Population Growth, 1900-2000

Demographic data, mostly culled from national census records, illuminates a number of things about the new Honky Tonks, music bars, and their audiences:3

1. A long term trend in population supplied Honky Tonk audiences.

The period with the most rapid growth occurred just before the Honky Tonks, Western Swing, conjunto, and Rhythm and Blues transformed Central Texas’s music scene. Judging from the census data, the tens years after 1930 saw the city’s widest expansion.4 This decade was no abberation. It was the crest of a deeper wave of growth between 1920 and 1950, when the population consistently increased by more than 50 percent.

Percentages of Population Growth, 1900-2000

Perhaps not coincidentally, Austin began to mature as a regional center for pop music during this growth wave, its first transformative demographic moment. The city’s status for music raised incrementally, not in one full swoop, however. Before the onset of the financial crisis of 1929, it had already become a home base for territory dance bands like Fred Gardner’s Texas Troubadours and Steve Gardner’s Hokum Kings . In the 1930s, Austin became a national destination, drawing in touring Swing and Sweet big bands for campus dances. During World War Two and after, its local scene filled out and diversified, becoming the Central Texas hub for Western Swing and Rhythm and Blues bands. The first two developments were linked to the size and wealth of the university. The third, however, was based in Austin's cumulative population growth during these three decades. By 1946, the city had enough townies to support a dynamic constellation of working class dance halls.
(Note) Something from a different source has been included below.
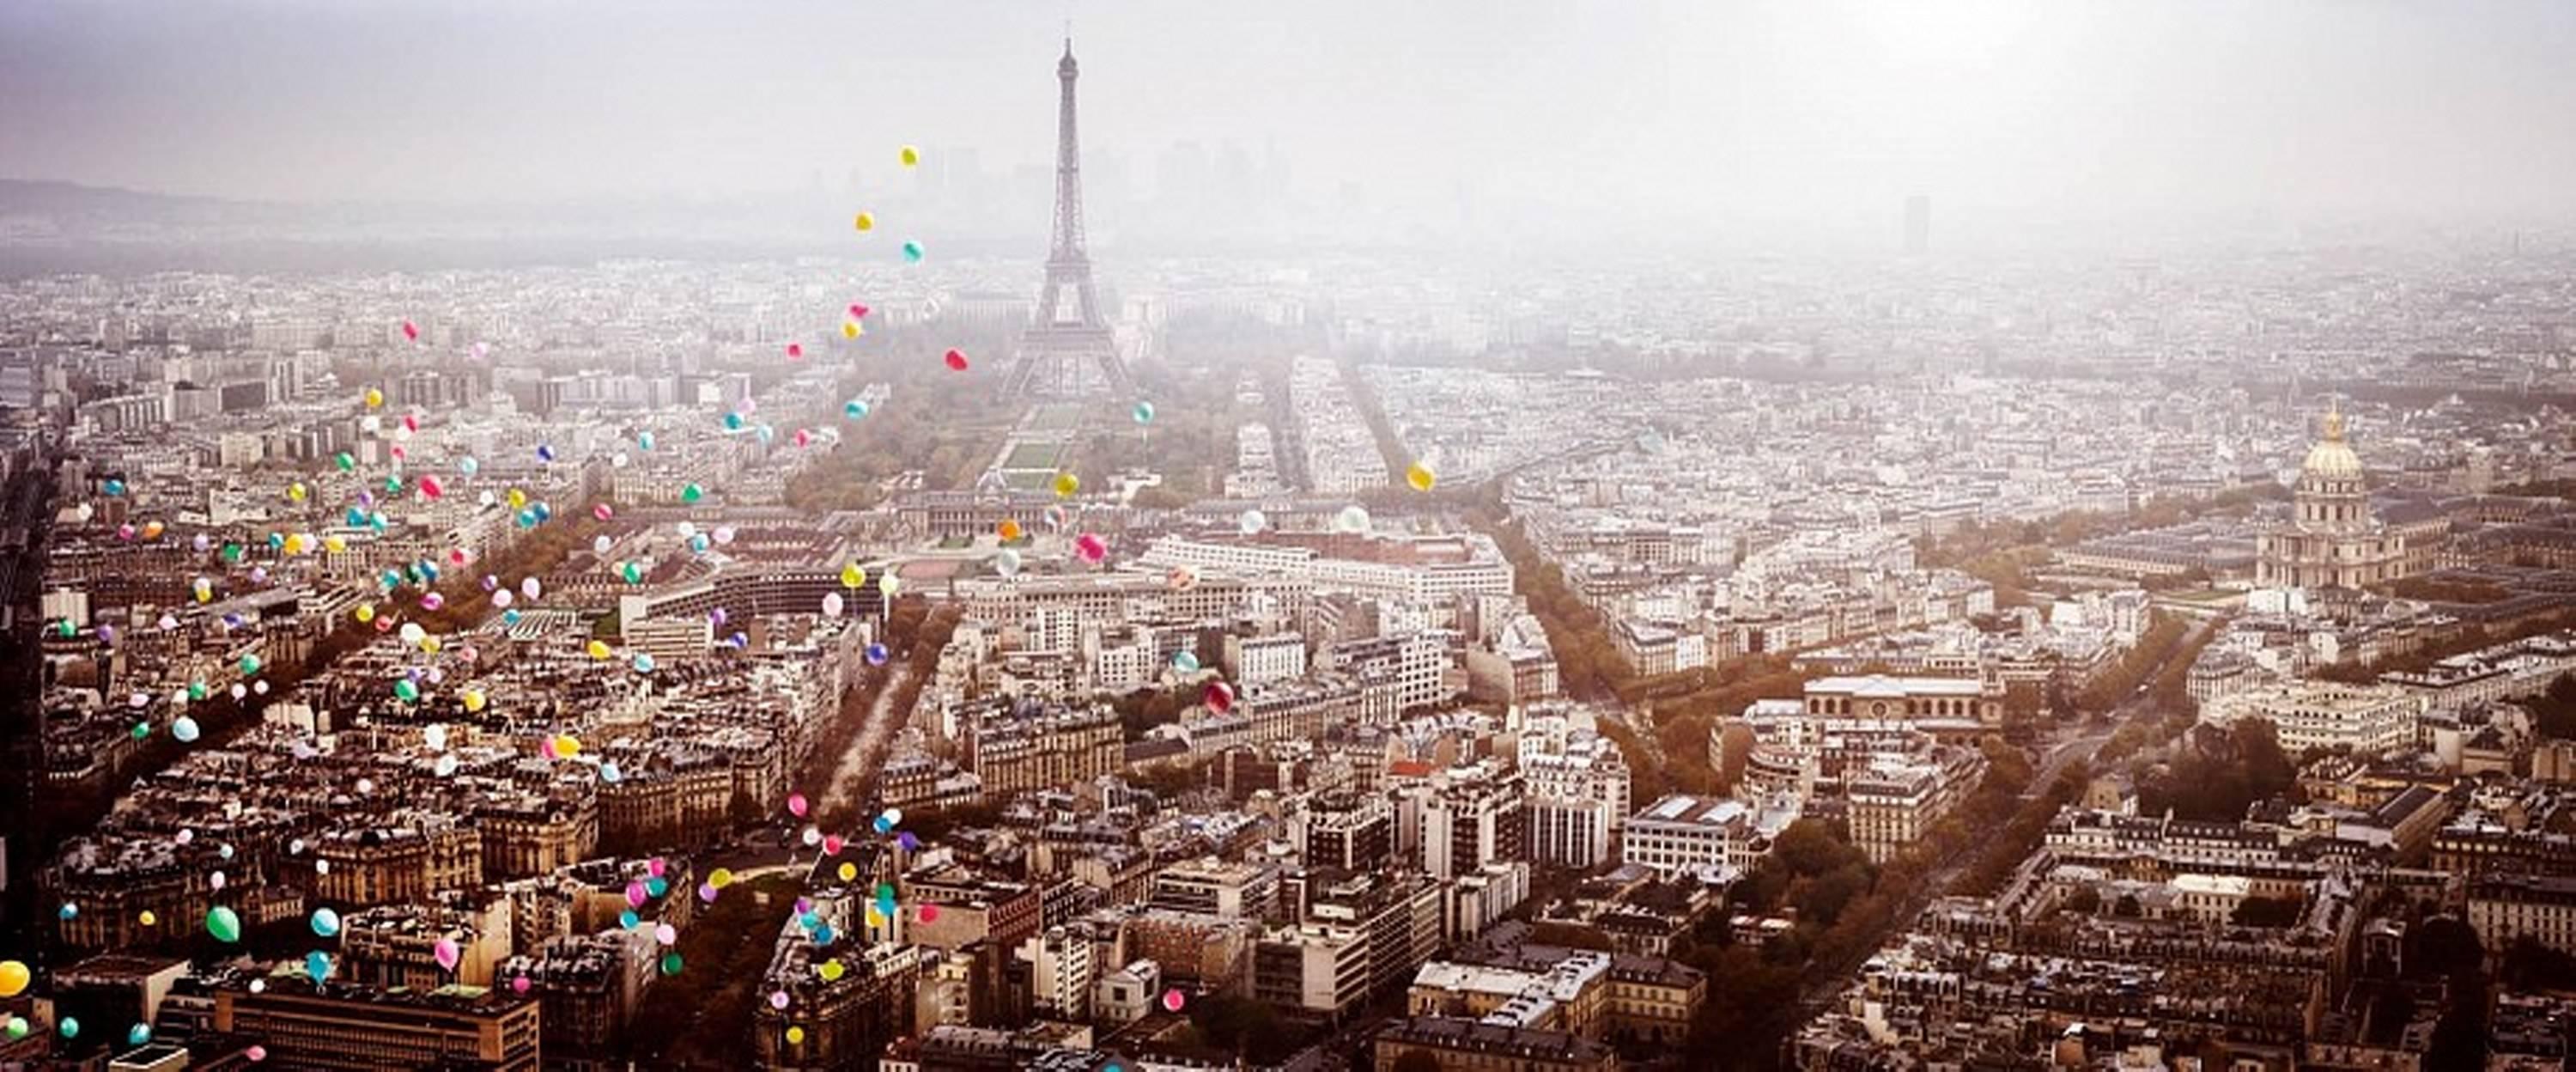 Color Photograph David Drebin - Ballons au-dessus de Paris (France) - vue aérienne de Paris avec ballons de la Tour Eiffel

2. Honky Tonkers were probably migrants to Austin, young, and/or originally from the country.

A large percentage of the audiences in the Honky Tonks and bars of the 1940s were likely made up of people not from or new to Austin. More than half of the additions to Travis county between 1930 and 1940 were migrants (i.e. not children born in the city during the decade) and most of them were young to middle-aged. The number of people arriving in Travis county during the 1940s was even greater: almost 20,000 new people came during the decade and, of these, at least 17,356 were between 20 and 54. In both 1940 and 1950, around 26% of this age range had come to Austin since the last census. In 1950, close to half of this group (43.6%) had moved to the city sometime since 1930. Overall, music audiences were probably fairly young. About 40% of all Austin residents in both 1940 and 1950 were between 15 and 34 years old.5

Austin’s black population grew as well, although not nearly at the rate of its white population. The census records do not allow us to discern exactly how the size of the urban African American community changed between 1930 and 1940, although we can see that Travis county’s black population grew from 15,832 to 19,551 (23%) during this period. By 1940, the vast majority of African Americans in Travis County, 76%, lived in town; only a fraction lived out in the country. It’s much more difficult to distinguish the size of the Mexican American population, unfortunately, since they are included in and not distinguished from the general “white” population in these censuses.

All of this movement occurred in the midst of the “Southern Diaspora,” two massive migrations out of the South between 1900 and 1980, one black and one white. By midcentury, there were about 7.5 million Southerners living outside of the region, mostly in major cities in the West, Midwest, and Northeast.6 It is notable that Austin’s African American and white populations both continuously grew during this period, as residents across Texas and other parts of the South increasingly left to escape racial violence and discrimination; to find jobs in wartime industries; or both.

Black and white residents from Austin and Travis County certainly moved as part of these migrations, but enough new people came to the city to offset these flights. Not all movement led to cities in other states, at least not initially. There was an internal migration in the South that paralleled those to the North and West: farmers and rural residents also left the country for Southern cities, fleeing the collapsing tenant farming business for (hopefully) new lines of work in nearby urban areas. It’s quite likely that large numbers of the listeners and dancers in the wartime Honky Tonks were rural-to-urban migrants, former farmers, or the children of farmers.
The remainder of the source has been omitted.